TASK OBJECTIVE
For this exercise, write out the full listing that follows exactly and skip its pictures.

THE DATA

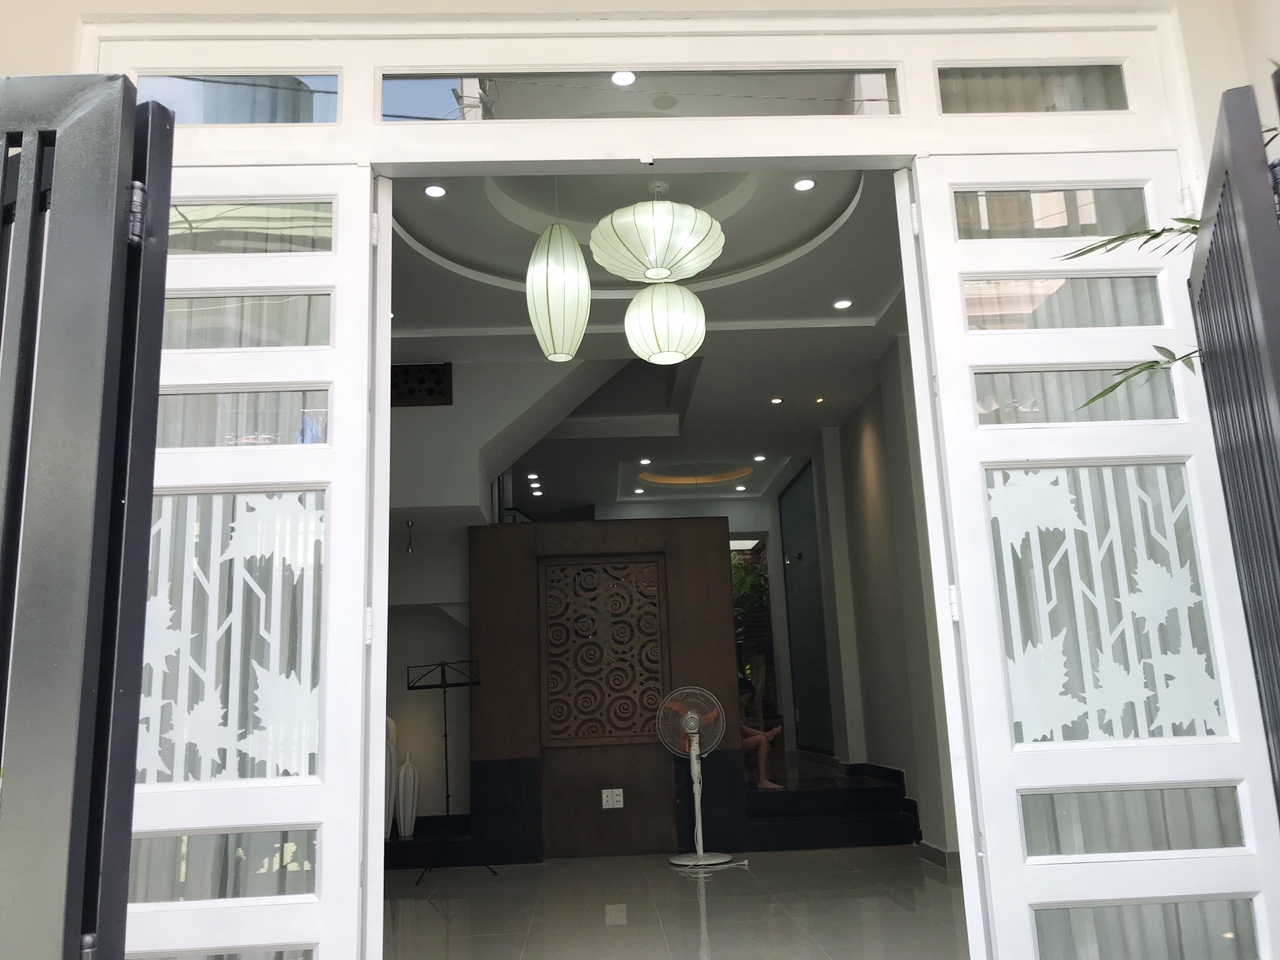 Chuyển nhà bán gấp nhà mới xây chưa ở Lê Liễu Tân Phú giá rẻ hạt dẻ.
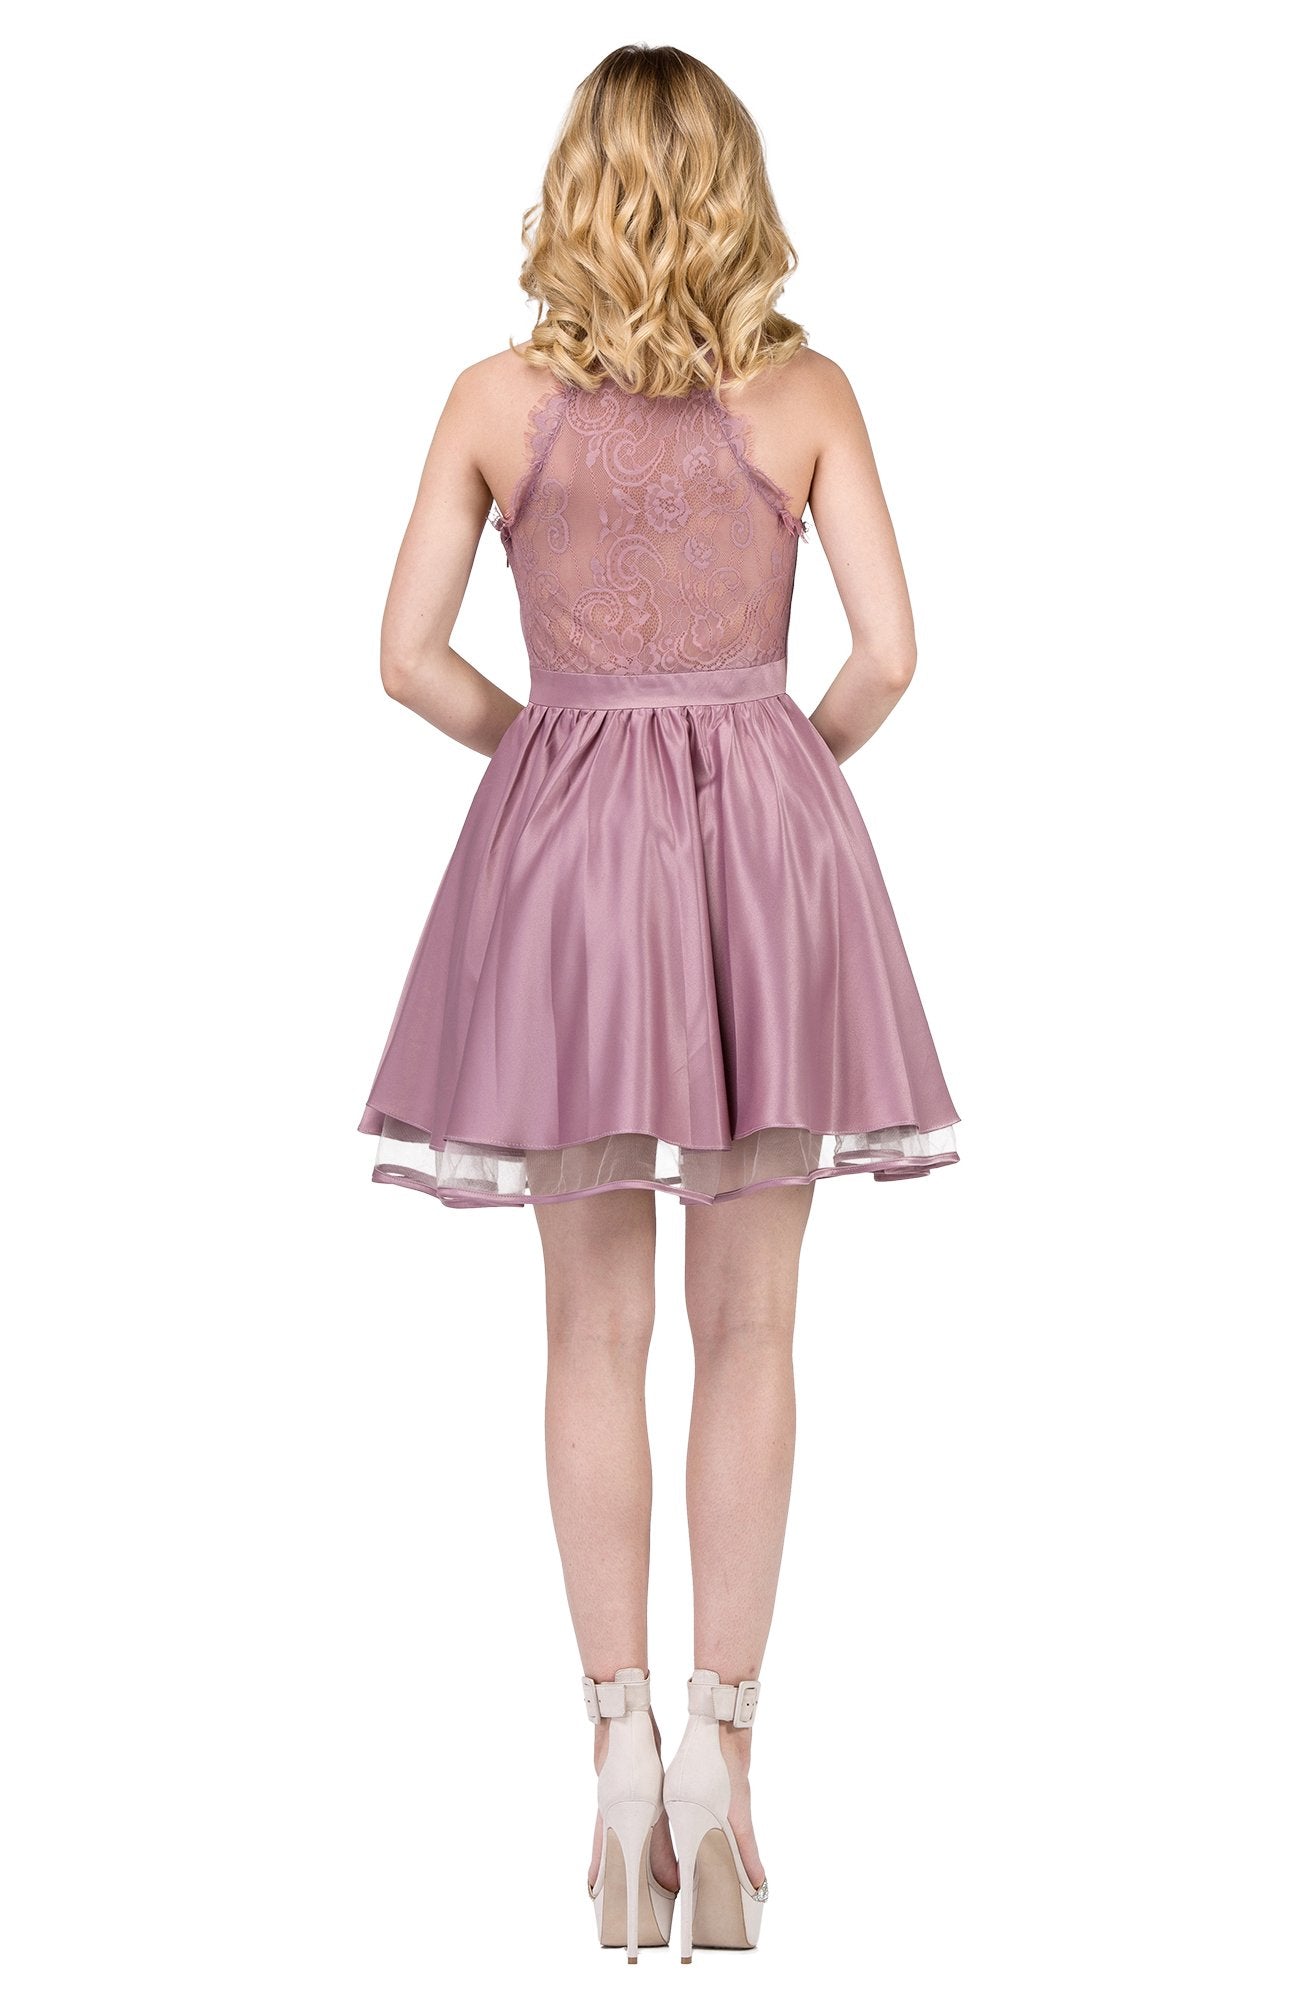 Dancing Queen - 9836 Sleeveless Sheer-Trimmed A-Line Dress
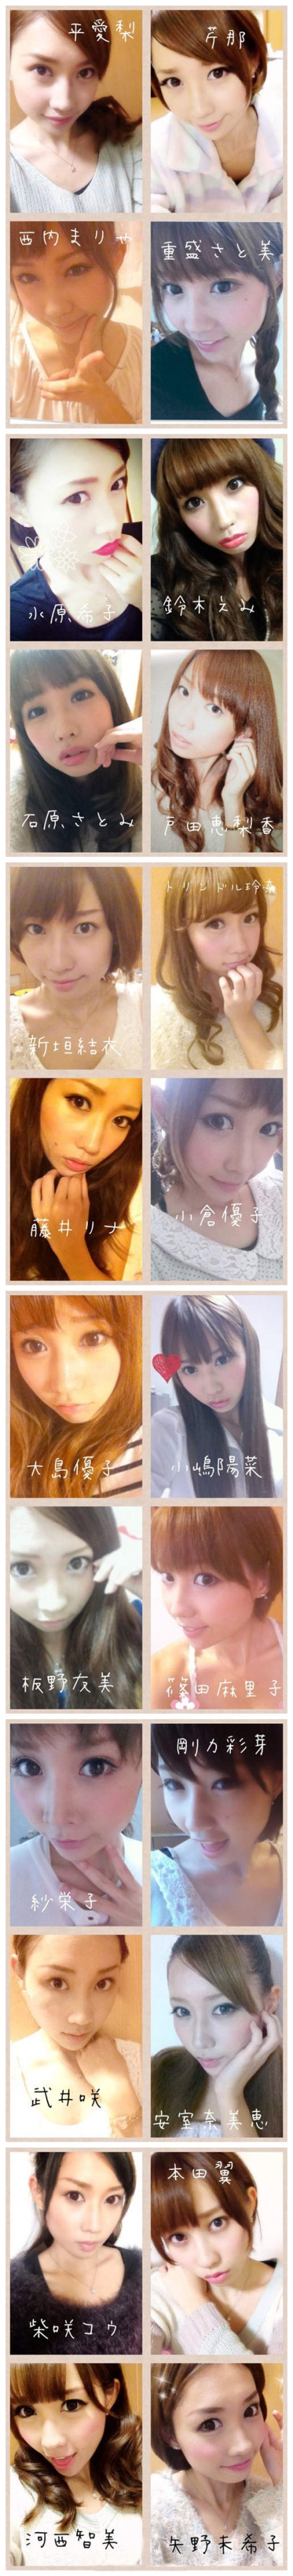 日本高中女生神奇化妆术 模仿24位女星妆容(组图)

EXERCISE RESULT
 Chuyển nhà bán gấp nhà mới xây chưa ở Lê Liễu Tân Phú giá rẻ hạt dẻ.
 Dancing Queen - 9836 Sleeveless Sheer-Trimmed A-Line Dress
 日本高中女生神奇化妆术 模仿24位女星妆容(组图)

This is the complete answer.